Колька, скорее всего, не знает, что я в больнице. После моей смерти его, конечно, вызовут. Он меня пожалеет. Хороший у нас Колька. Если бы не он, никого из семьи давно бы уже не было. Под двором, где мы жили на выселках в оккупации, немцы пристрелили битюга из орудийной упряжки. Колька с топором по снегу ползал рубить конину. Немцы потешались, из автоматов по нему палили. Он не забоялся, пока всю лошадь, до последней косточки, не перетаскал на себе. Выжили не только мы, но и все, кто находился в той хате, человек тридцать, а может, и больше. Пулями весь пол тогда заплевали, столько их было в конине. А ботинки? Чуть не забыл… На такое лишь Колька способен. Кому бы пришло в голову покупать единственный ботинок? А он купил, принес с базара и сразу, чтобы я не успел расстроиться, сказал, что второй сделает сам. И сделал. Вытесал колодку, долго мороковал с лоскутками кожи от прежней обуви, готовил кленовые гвозди – таки обул меня. Что ботинки были разные: один остроносый, по ноге, а другой головастый, погрубее и побольше – в счет не шло, все же не веревочные лапти, а настоящие кожаные ботинки, каких ни у кого не было… Колька, Колька… Мне бы и жизни не хватило вспомнить все, что ты мне делал. Не без того, бывали и подзатыльники, кто ж без этого обходится, за это на тебя не обижаюсь и прощаю, давно уже простил.

Мамочка, милая, какой я дурак. Всегда тебя не понимал, а если и понимал, то постоянно становился поперек. Ты же со мной никакой радости не видела. Ни одной рубахи не износил, чтобы не порвать. И сегодня, прости, какую муку на тебя свалил. Я же не чурбан деревянный, чтобы не понимать…

И сестры… Что плохого они мне сделали? Пальцем никогда не тронули. А я, насколько выдумки хватало, издевался над ними. Шура из себя кусок мяса вырвала бы, лишь бы я не был голоден. И Нюрка – чем хуже?

Ну, а с братьями и отцом чего прощаться? Они в земле. Скоро и я там буду.

Вот и все.

Нет, не все. А люди? Семья семьей, но я жил и среди людей. Им тоже мало хорошего делал. Случалось, и воровал, и обманывал, завидовал, а то и надсмехался, бил друзей, хотя и меня тоже били, - все грех. Не поминайте лихом.

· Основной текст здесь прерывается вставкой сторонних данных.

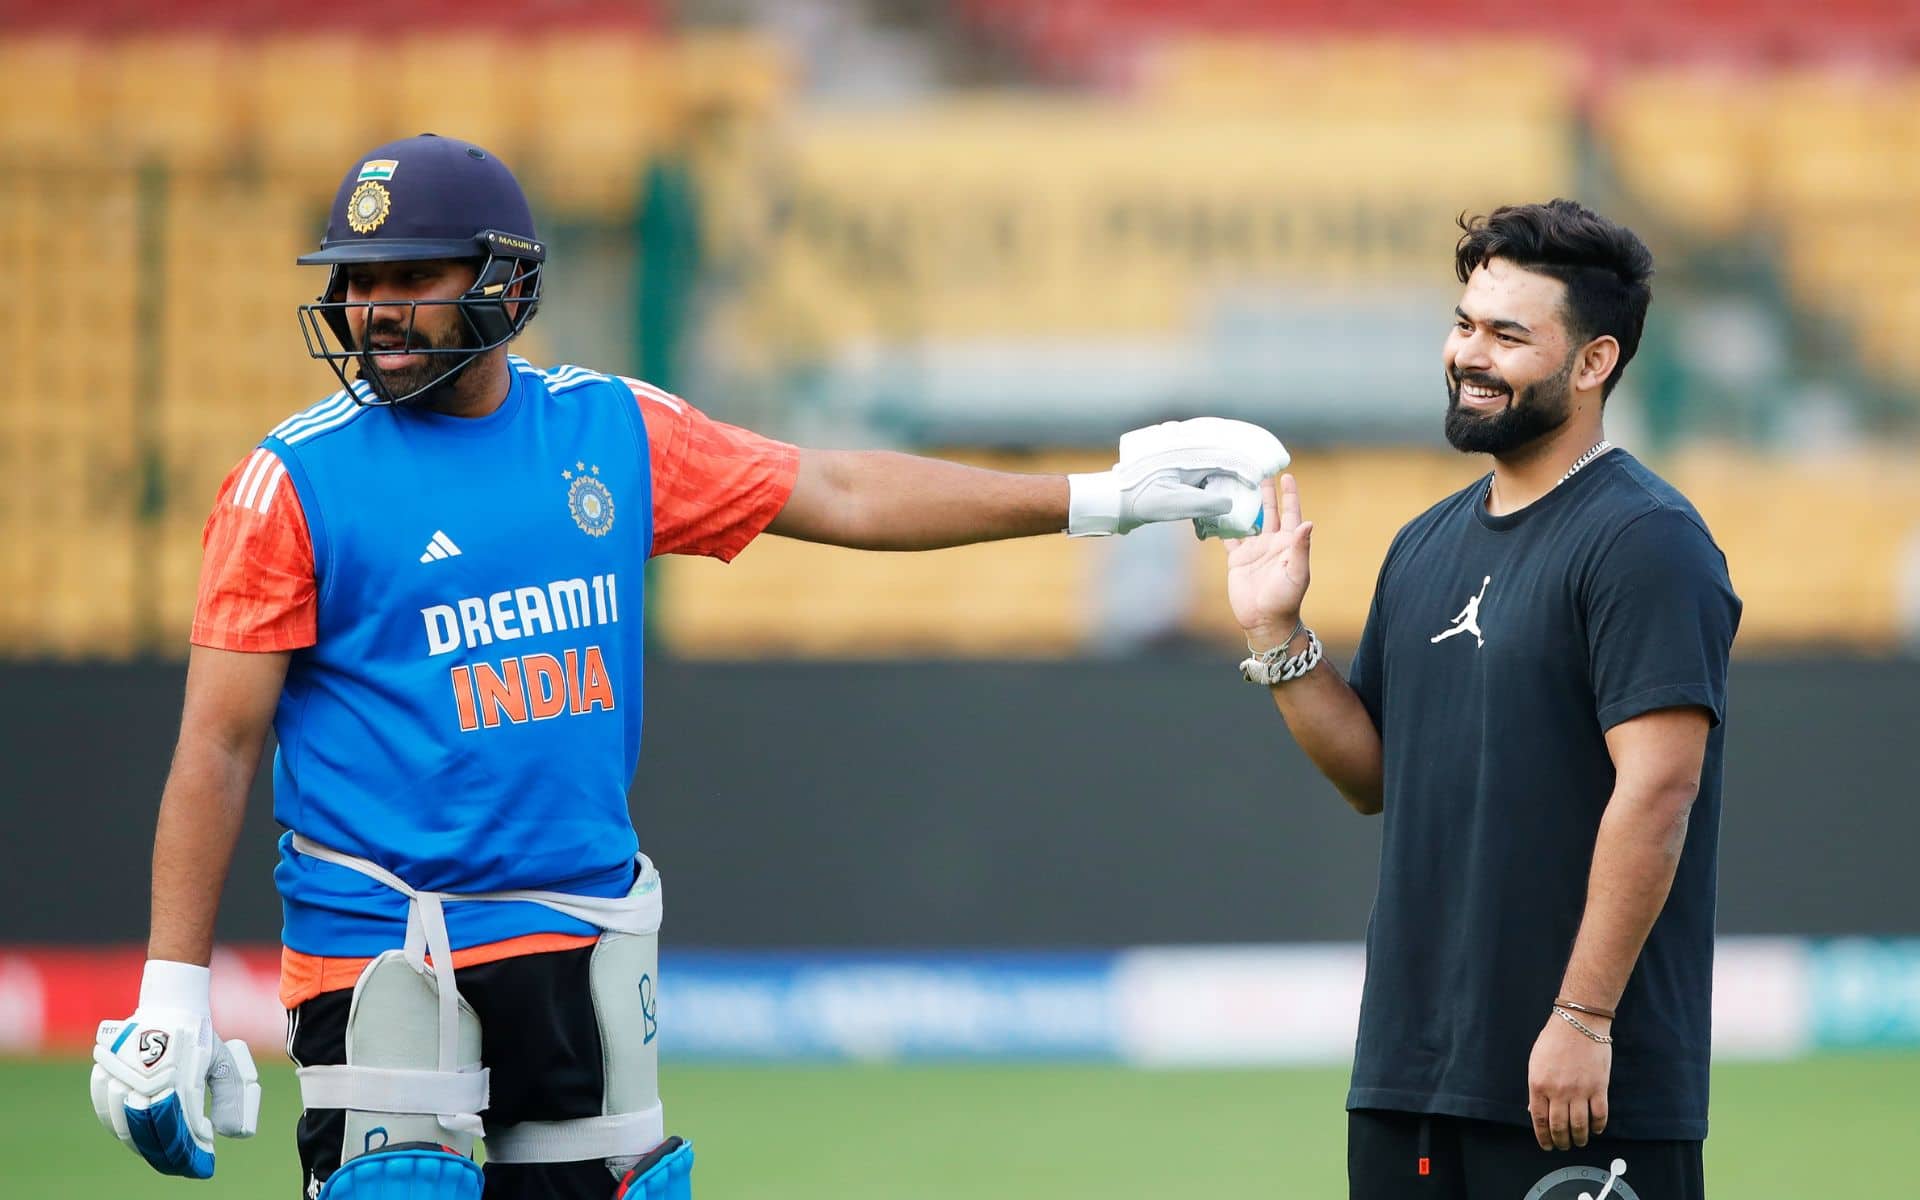 Rohit Sharma having fun with Rishabh Pant in IND net session (X.com)

Вот теперь – все. Можно было бы еще у Вовки попросить прощения. Сосед, считается другом, вместе ходили в школу, трудно ему будет без меня. Но у Вовки просить прощения бесполезно, он никогда не пожалеет. Сколько ребят подорвалось, разряжая снаряды или на минах, а у него один ответ: «Сам виноват». Обо мне он тоже скажет, что сам виноват. Конечно, сам, уж тут он совершенно ни при чем. Вовка затем и на балалайке выучился играть, чтобы без пая ходить к взрослым на гулянки в складчину, его звали как заправского музыканта, там он и ел и пил задарма. Больно сознавать, что завидовал ему, холодный он человек. Задачки у меня списывал, а хоть бы взглядом отблагодарил, такого не бывало. Ладно, прости и ты, Вовка, возможно, когда-нибудь и тебе не угодил.

И это - не все. Как же я пропустил дедушку Никанора, двоюродную сестру Таню и ее мужа Филиппа?. . А учительница Ксения Никитична? А тетка Поля? Она «выговаривала» мне куржупки. А тетка Наташка, Вовкина мать? Вовка уродился не в нее, тетка Наташка добрая, она-то знала, что без меня ее сыну в школе делать нечего, это я его «за уши» тянул. А тетя Клава? А Мотя?..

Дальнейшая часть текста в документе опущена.